Neither are "killer" arguments

They're certainly not "killer" arguments: they're void arguments.

, and certainly a lot of other
conventions are possible. In the end, you only have two
choices, and there are far more than one binary information that
might be useful to indicate. Still, way, way back, this was the
convention I preferred.

Well, I've also used silly in-practice-detrimental conventions, like

void foo()
{
bar();
}

But one would sort of expect a modern firm like Google to not /require/ its
developers to do such silly things, and to have understood the problems of
micro-management and simply not do that.

Hence my conclusion that it's most likely political.

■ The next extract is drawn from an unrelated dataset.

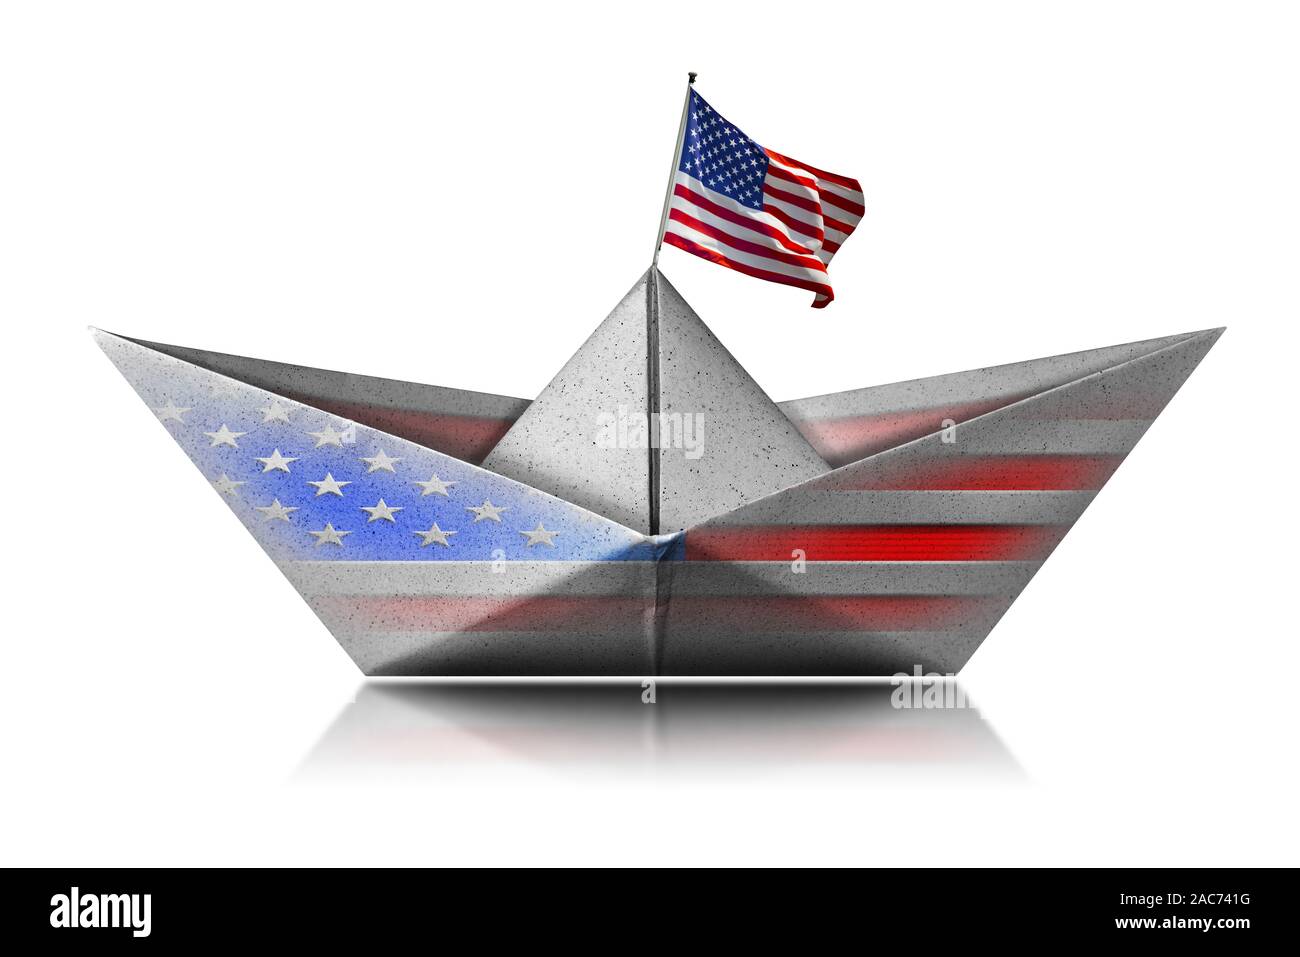 White paper boat with the United states of America flag, isolated on white background with reflections, photography Stock Photo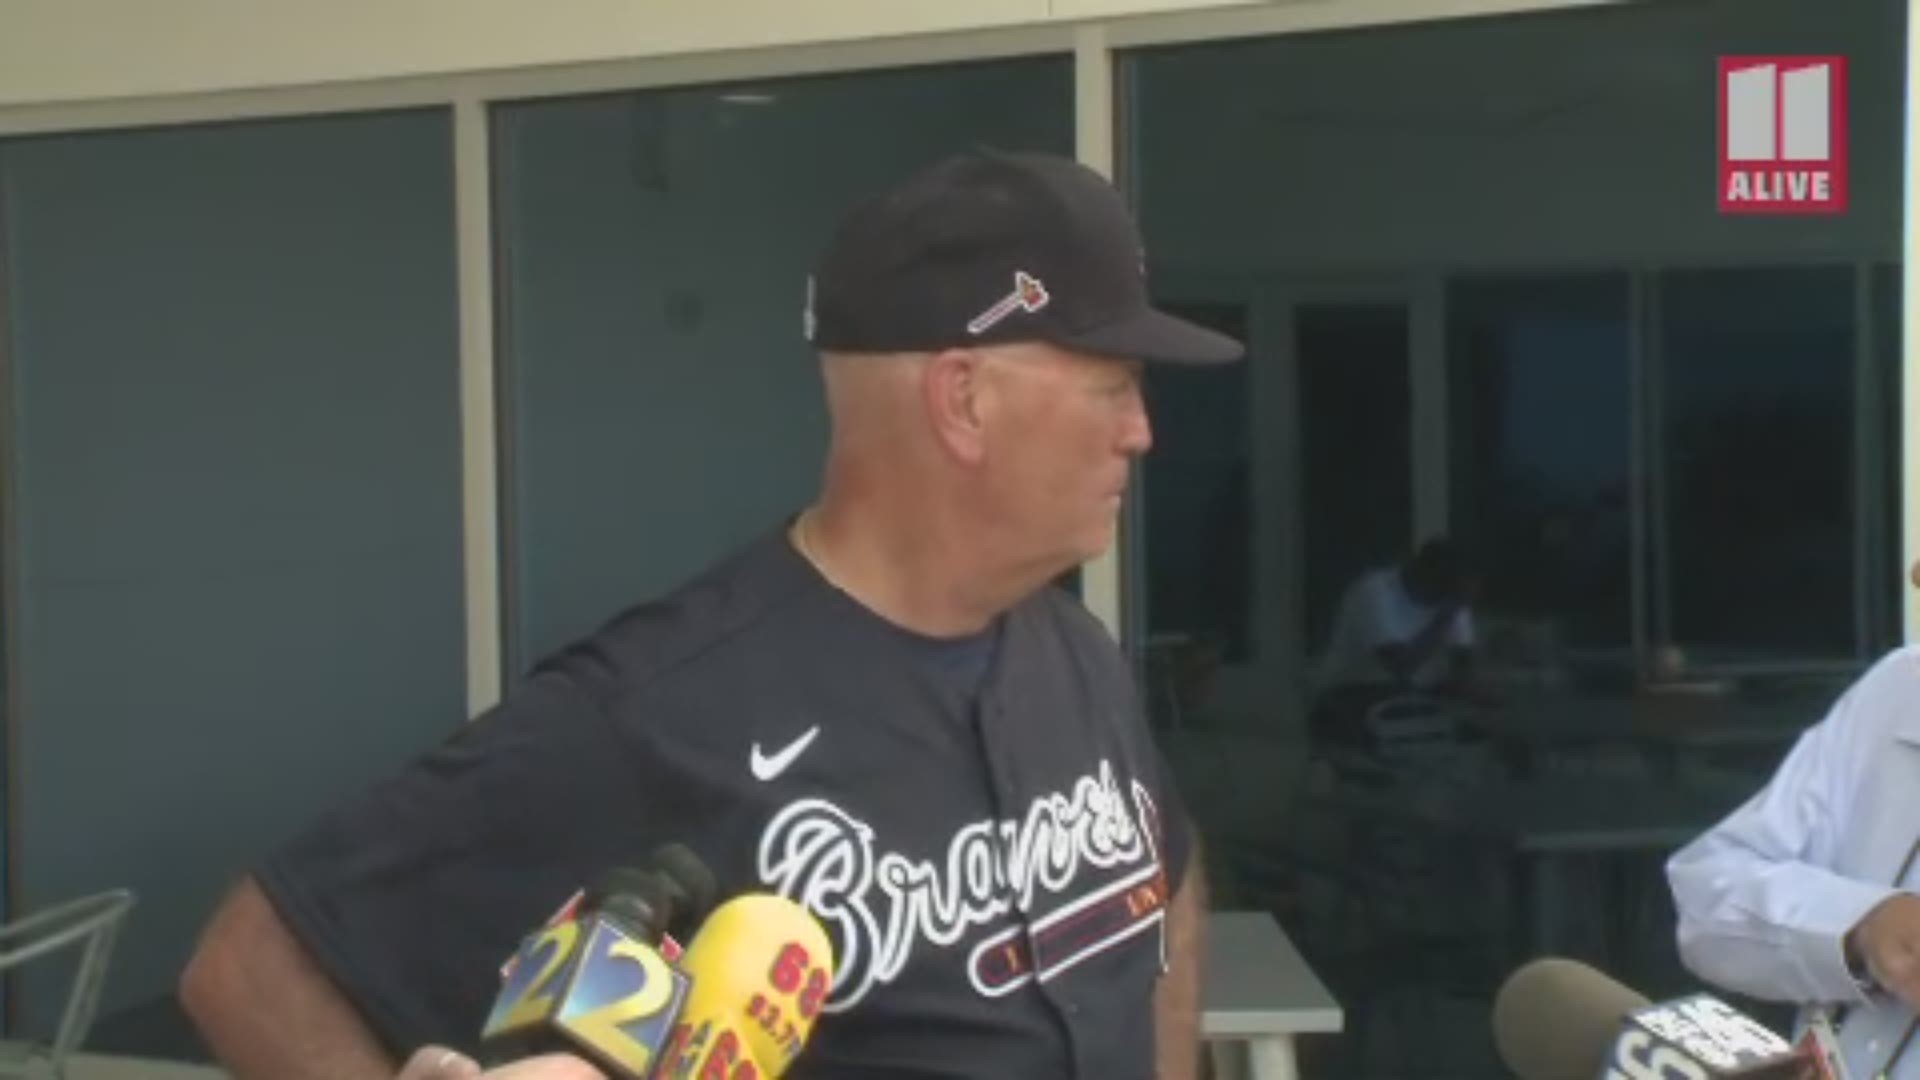 Snitker spoke to the media on Feb. 18, 2020 from Spring Training

I'd gotten out of it, because the
places I'd worked in used other conventions, but the circle has
turned, and where I work now uses it (and used it before I got
there).

The state of knowledge & understanding advances /very/ slowly.

Cheers,

- Alf

Kai-Uwe Bux · May 3, 2010

Stuart said:
James said:

( [...]
And for things like +=, as I said, there are
some very good arguments for making it a non-member. Even if I
don't do so.)

Click to expand...

What are the arguments for making things like operator+= a non-member,
out of interest? I'm aware of an (the?) argument for things like
operator+, where you often want to allow conversions on the left-hand
argument as well as the right, but what's the argument for the '='
versions please?

If you make it a non-member, operator+= behaves more like the version for
built-in types: you cannot call it on a temporary. As a member function, you
could:

*( begin() += 5 )
*( ++ begin() )

Whether that is an advantage or a shortcoming depends on your point of view.
However, for implementations of the standard library iterators, I would
choose the non-member approach since ++begin() is not guaranteed to compile
by the standard and I would love to see the implementation catch that non-
portable use.

Best

Kai-Uwe Bux

Keith H Duggar · May 3, 2010

What are the arguments for making things like operator+= a non-member,
out of interest? I'm aware of an (the?) argument for things like
operator+, where you often want to allow conversions on the left-hand
argument as well as the right, but what's the argument for the '='
versions please?

For some reasons read:

http://www.drdobbs.com/cpp/184401197

Most of the arguments apply to both operator and non-operator
functions.

KHD

James Kanze · May 4, 2010

I love it when people comment about things they know nothing
about. We did the measures with a number of different
compilers: VC++, g++, Intel and Sun CC. In all cases, passing
the pre-constructed vector to the function was significantly
faster than returning a vector.

When you do it manually instead of RVO you have an extra
default construct construction and an extra swap, but it
shouldn't really matter for efficiency.

The compiler can't always use RVO. Our two versions were:

std::vector<double> v(...);
for (... lot's of iterations ... )
{
// calculate some values based on the current contents
// of v.
v = some_function(... the calculated values ...);
// ...
}

as opposed to

std::vector<double> v(...);
for (... lot's of iterations ... )
{
// calculate some values based on the current contents
// of v.
some_function(&v, ... the calculated values ...);
// ...
}

(As far as I can tell, this is a more or less standard procedure
in numerical analysis. Although in some cases, you might have
two vectors, one with the old values, and one in which you put
the new, swapping them each time you go through the loop.)

James Kanze · May 4, 2010

On 02.05.2010 11:45, * James Kanze:

[...]

Sorry, no, you can't in general.

It's just an urban myth.

For example,

foo( v );

Here v might be a pointer denoting an out argument.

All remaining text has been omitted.